Tradisi Methil Merupakan simbol rasa syukur kepada sang maha pencipta Tuhan Yang Maha Esa, atas berkah dan karunia yang telah dilimpahkan serta kepercayaan masyarakat jawa tentang adanya Dewi Sri atau Dewi Padi sebagai simbol dari kemakmuran selain itu ada beberapa juga dengan pemikiran untuk memberi penghormatan kepada pepunden (penunggu) yang mbaurekso (menguasai) tanah sawah tersebut. Sebagai ungkapan rasa terima kasih kepada pepunden. Sebagai pemilik sawah akan memberikan persembahan sesaji yang menjadi kelangenan (kesukaan) pepunden yang mbaurekso tanah sawah hal ini akan dimulainya panen raya padi oleh pemilik sawah.
Ritual Methil (kenduri kecil) yang dilakukan di sawah ini dipimpin oleh sesepuh desa (tokoh setempat) yang dipercaya memiliki kemampuan untuk memimpin upacara adat, ini dilakukan setelah sholat subuh biasanya dihadiri oleh tetangga rumah dan tetangga pemilik sawah yang sudah ada/bekerja disawahnya.
Dalam proses Methil, sesepuh akan menancapkan syarat di empat penjuru sawah dan di tengah-tengah sawah. Syarat yang ditancapkan itu yang terdiri atas beberapa jenis daun-daunan antara lain pupus aren, janur kuning, daun dadap, pulutan, daun girang dan sedikit buceng (tumpeng bersama isinya).
Yang ditancapkan di keempat penjuru sawah itu disebut bundel pojok papat, sedangkan yang ditancapkan tepat di tengah-tengah sawah disebut tarup agung. Pada tarup agung inilah tempat pertama dimulainya wiwitan menggunakan ani-ani (pemotongan padi) alat potong padi zaman dulu sekarang saya sudah tidak lagi menemukan alat-alat tersebut dirumah saya.
Pada tarup agung terdapat sesaji berupa, kelapa muda, pisang setandan, apem, ayam panggang, cok bakal, kembang awur-awur, kinang, kemenyan, dan beberapa jenis makanan yang dipercaya menjadi kelangenan (kesukaan).
Bagi masyarakat Jawa yang masih menganut budaya leluhur, ritual ini wajib dilaksanakan agar hasil panen yang diperoleh awet dan cukup untuk kebutuhan sehari-hari.

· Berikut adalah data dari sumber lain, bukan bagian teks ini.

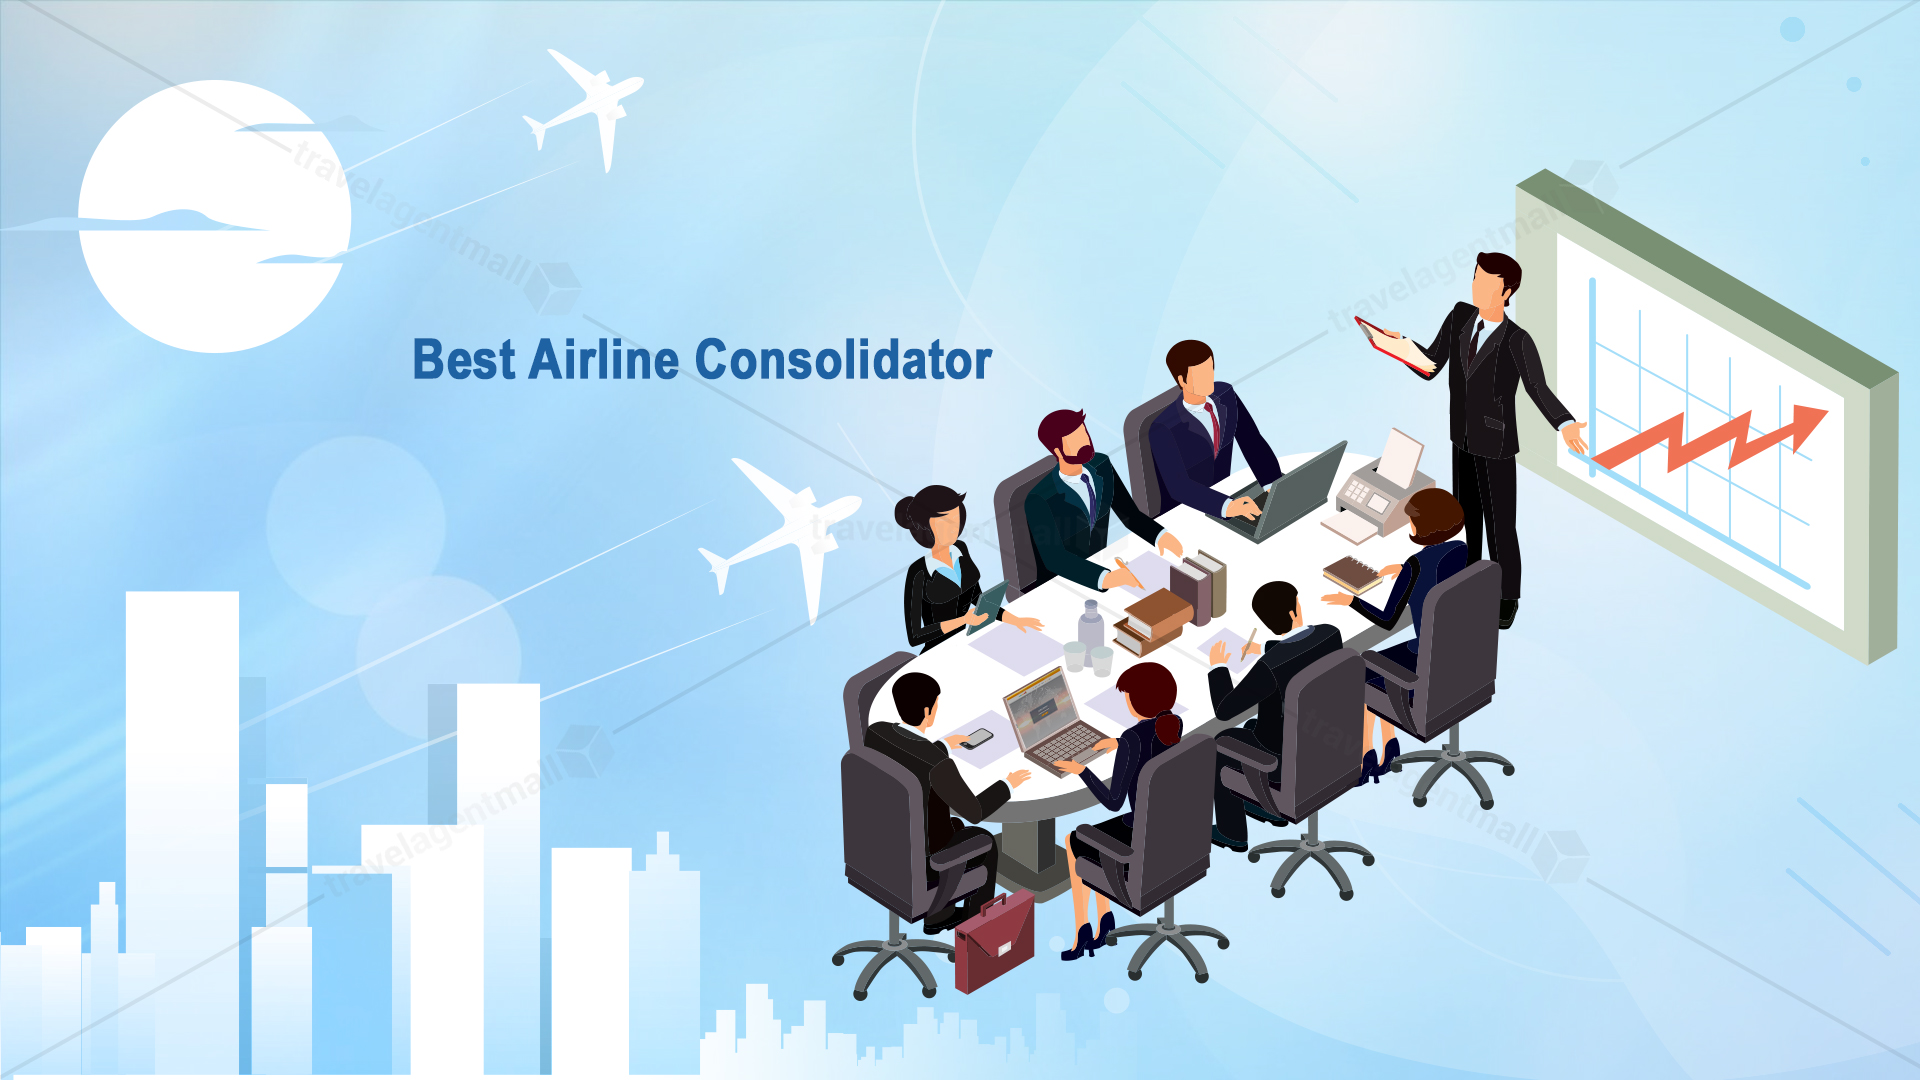 Why do travel agents prefer TravelAgentMall over other airline consolidators?
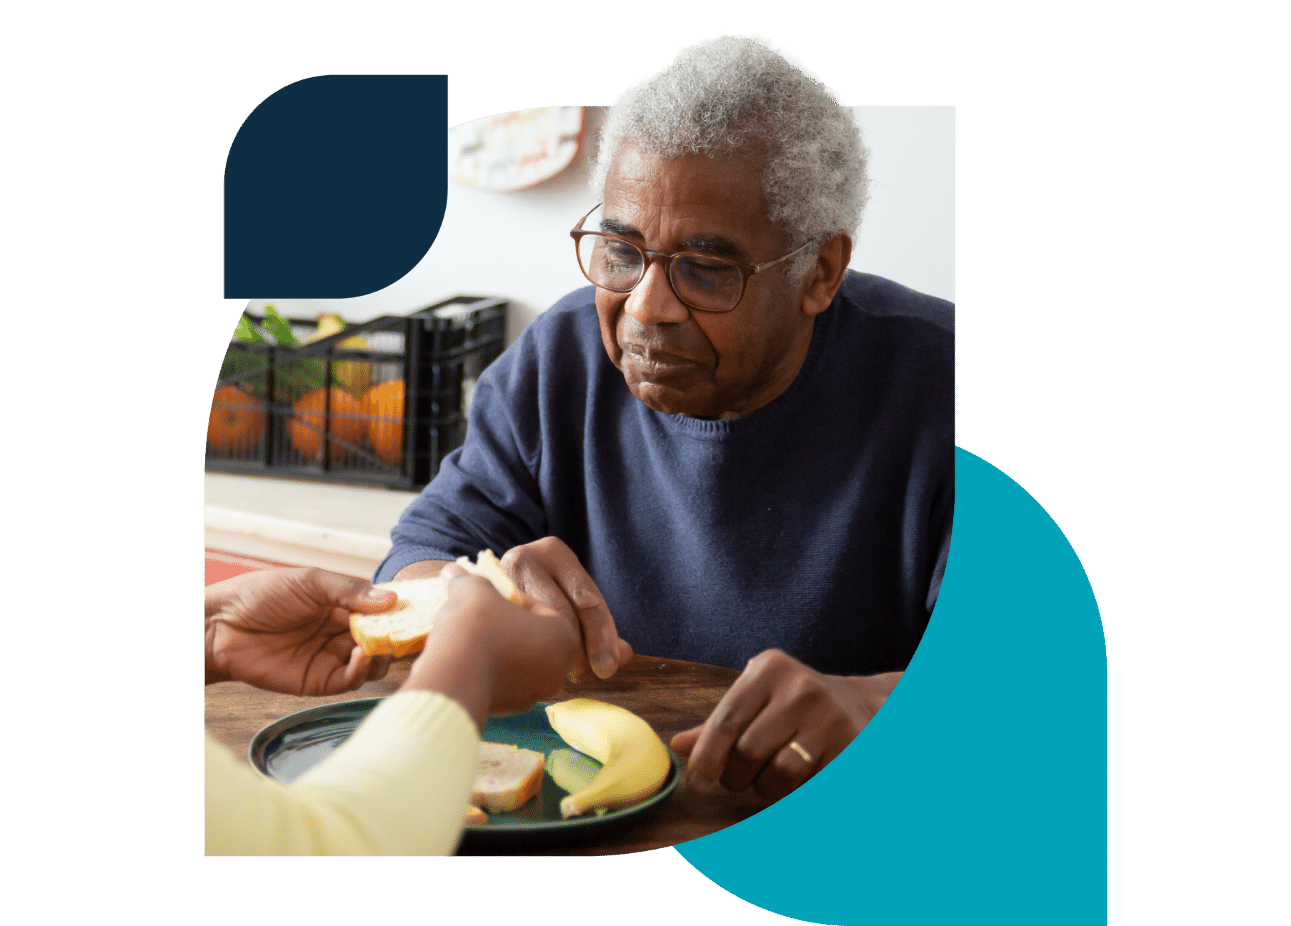 A care recipient is served a meal

Akan tetapi hal ini sudah tidak saya temukan kembali ritual/tradisi-tradisi Methil dikarenakan sudah tergeser oleh perkembangn zaman.
Tradisi/kebudayaan-kebudayan ini akan punah dengan sendirinya dan tergilas oleh pemikiran-pemikiran modern, saya masih sedikit berharap agar tradisi/budaya leluhur jangan pernah kita lupakan bahkan menghilangkan, karena ini adalah warisan para leluhur kita untuk anak cucu kita dikemudian hari.
Tradisi Methil ini menurutku sangat-sangatlah filosofi bagimana kita bersyukur terhadap hasil alam/bumi untuk mengingat Tuhan sang pencipta alam, bagiamana kita mencintai alam dengan tidak merusaknya secara langsung serta menanamnya kembali agar menghasilkan produksi hasil bumi (bersatunya kita dengan alam).